Dos and Don'ts of stackalloc
In .NET Core 2.1 a small but well-received feature was the ability to “safely”
allocate a segment of data on the stack, using stackalloc
, when used with
Span<T>
.
Before Span<T>
, stackalloc
required being in an unsafe
context:
unsafe {
byte* data = stackalloc byte[256];
}
The use of unsafe
, along with the little number of APIs in .NET that could
work with pointers, was enough to deter a lot of people from using it. As a
result, it remained a relatively niche feature. The introduction of Span<T>
now means this can be done without being in an unsafe
context now:
Span<byte> data = stackalloc byte[256];
The .NET team has also been working diligently to add Span<T>
APIs where it
makes sense. There is now more appeal and possibility to use stackalloc
.
stackalloc
is desirable in some performance sensitive areas. It can be used
in places where small arrays were used, with the advantage that it does not
allocate on the heap - and thus does not apply pressure to the garbage
collector. stackalloc
is not a general purpose drop-in for arrays.

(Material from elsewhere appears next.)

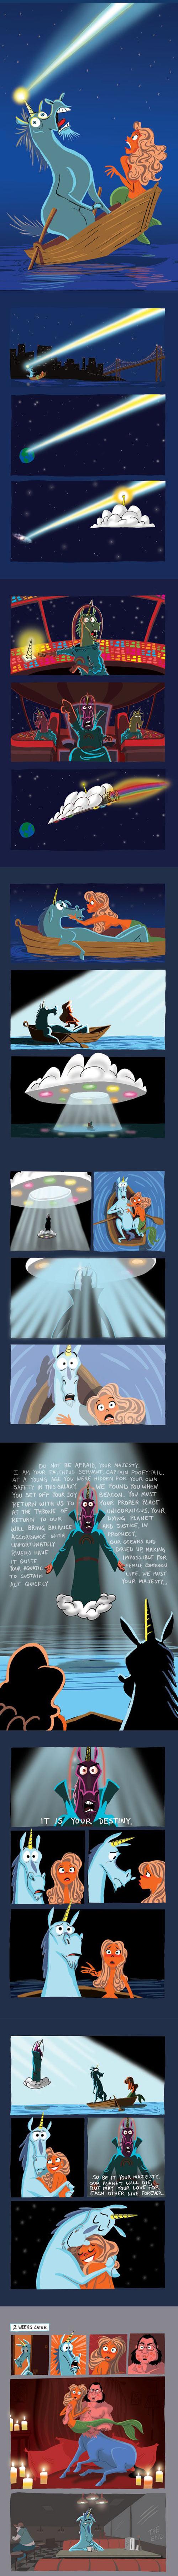 cool-lonely-unicorn-mermaid-comic

They are limited in a number of ways that other posts explain well enough,
and require the use of Span<T>
.
Recently I vented a bit about stackalloc
on Twitter, as one does on Twitter,
specifically the community’s fast embrace of it, without
discussing or well-documenting some of stackalloc
’s sharp edges. I’m going
to expand on that here, and make an argument for stackalloc
still being unsafe
and requiring some thought about being used.

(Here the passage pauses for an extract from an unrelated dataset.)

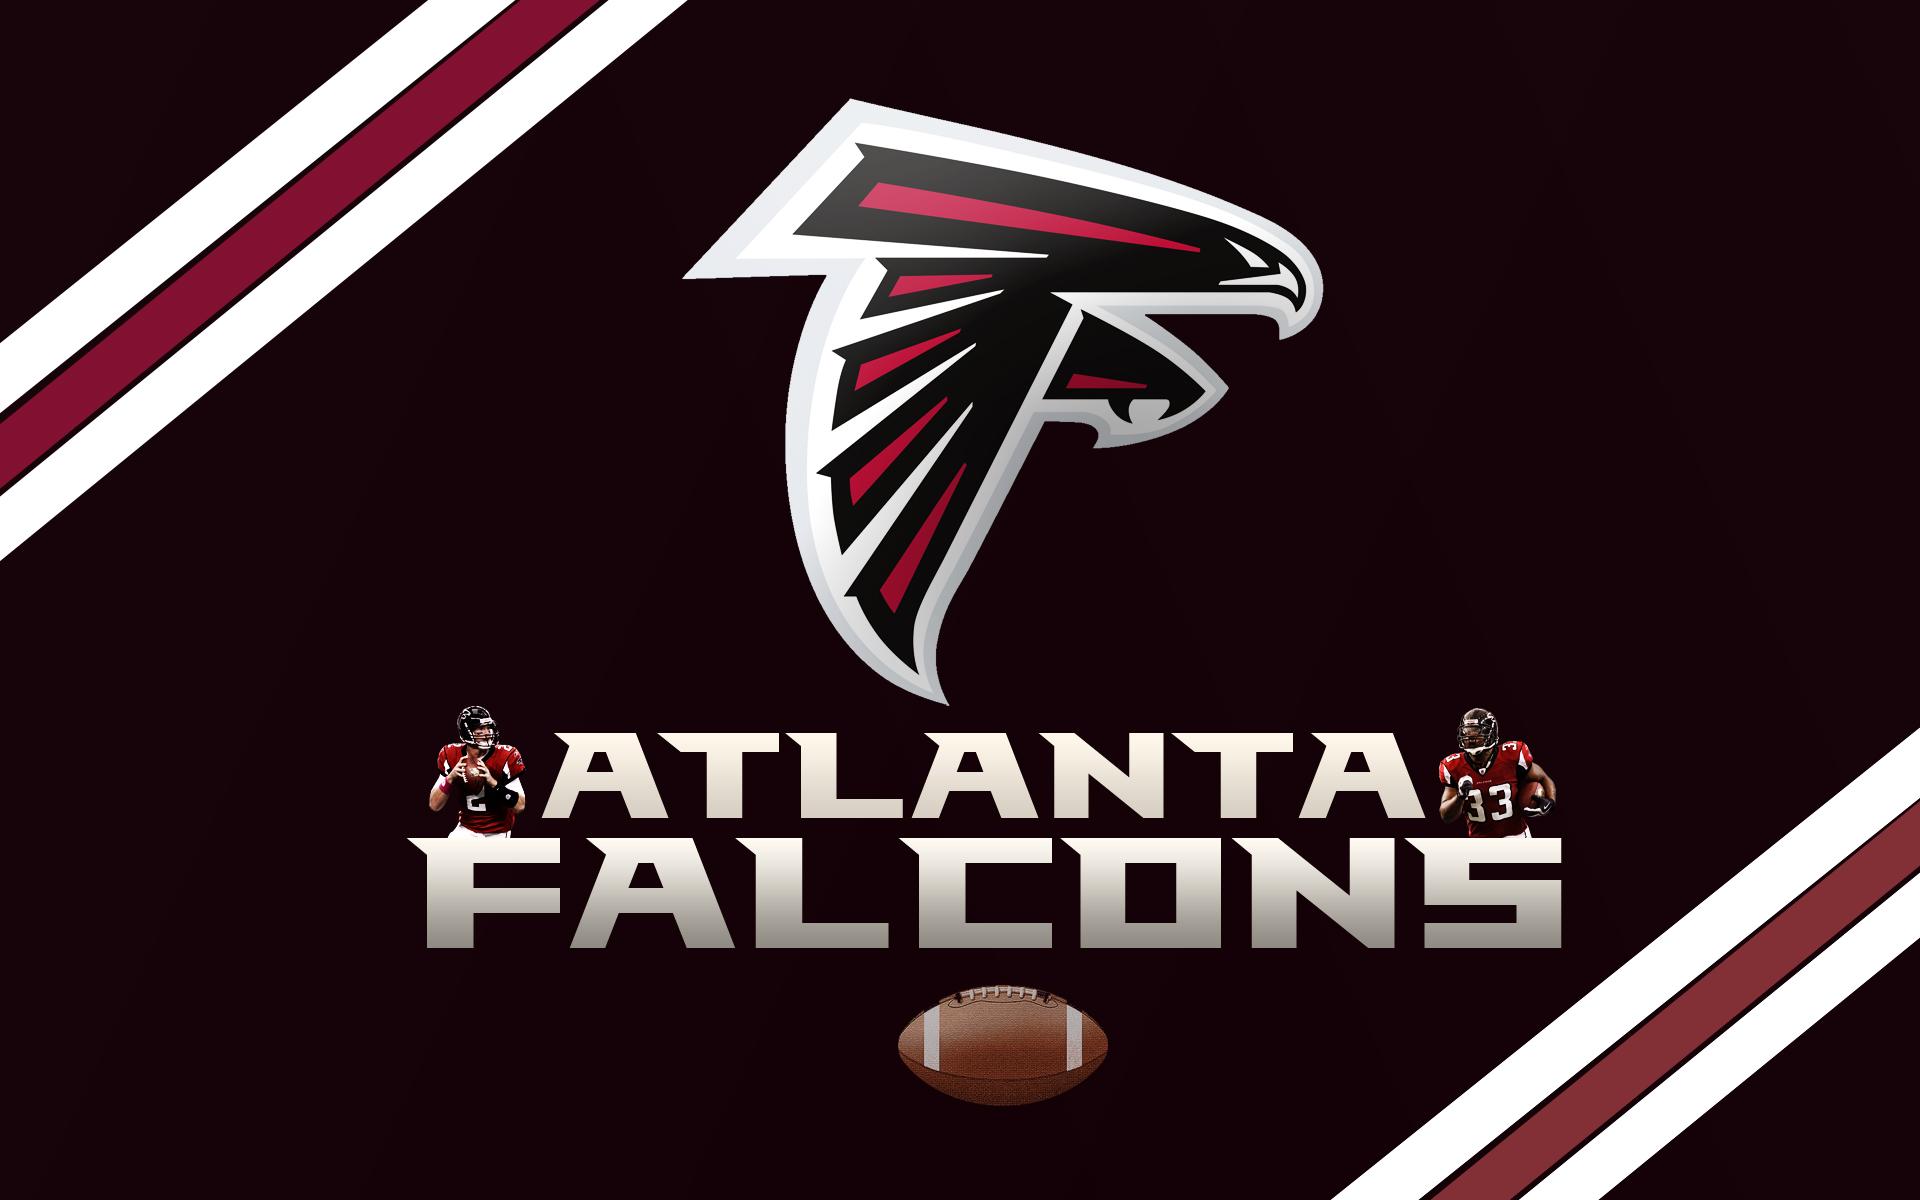 High Resolution Wallpaper | Atlanta Falcons  1920x1200 px

DON’T: Use variable allocation lengths
A large risk with using stackalloc
is running out of stack space. If you’ve
ever written a method that is recursive and went too deep, you’ll eventually
receive a StackOverflowException
. The StackOverflowException
is a bit
special in that it is one of the exceptions that cannot be caught. When
a stack overflow occurs, the process immediately exits. Allocating too much
with stackalloc
has the same effect - it causes a stack overflow and the
process immediately terminates.
This is particularly worrisome when the allocation’s length is determined by user input:
Span<char> buffer = stackalloc char[userInput.Length]; //DON'T
This allows users to take down your process, an effective denial-of-service.
Using a constant also reduces the risk of arithmetic or overflow mistakes. Currently, .NET Core’s CLR interprets that amount to be allocated as an unsigned integer. This means that an arithmetic over or under flow may result in a stack overflow.
Span<byte> b = stackalloc byte[(userInput % 64) - 1]; //DON'T
DO: Use a constant for allocation size
Instead, it’s better to use a constant value for stackalloc
, always. It
immediately resolves any ambiguities about how much is allocated on the stack.
Span<char> buffer = stackalloc char[256]; //better
Once you have an allocated buffer, you can use Span’s Slice
funtionality to
adjust it to the correct size:
Span<char> buffer = stackalloc char[256];
Span<char> input = buffer.Slice(0, userInput.Length);
DON’T: Use stackalloc in non-constant loops
Even if you allocate a fixed length amount of data on the stack, doing so in a loop can be dangerous as well, especially if the number of the iterations the loop makes is driven by user input:
for (int i = 0; i < userInput; i++) { // DON'T
Span<char> buffer = stackalloc char[256];
}
This also can cause a denial of service, since this allows someone to control the number of stack allocations, though not the length of the allocation.
DO: Allocate outside of loops
Span<char> buffer = stackalloc char[256]; //better
for (int i = 0; i < userInput; i++) {
//Do something with buffer
}
Allocating outside of the loop is the best solution. This is not only safer, but also better for performance.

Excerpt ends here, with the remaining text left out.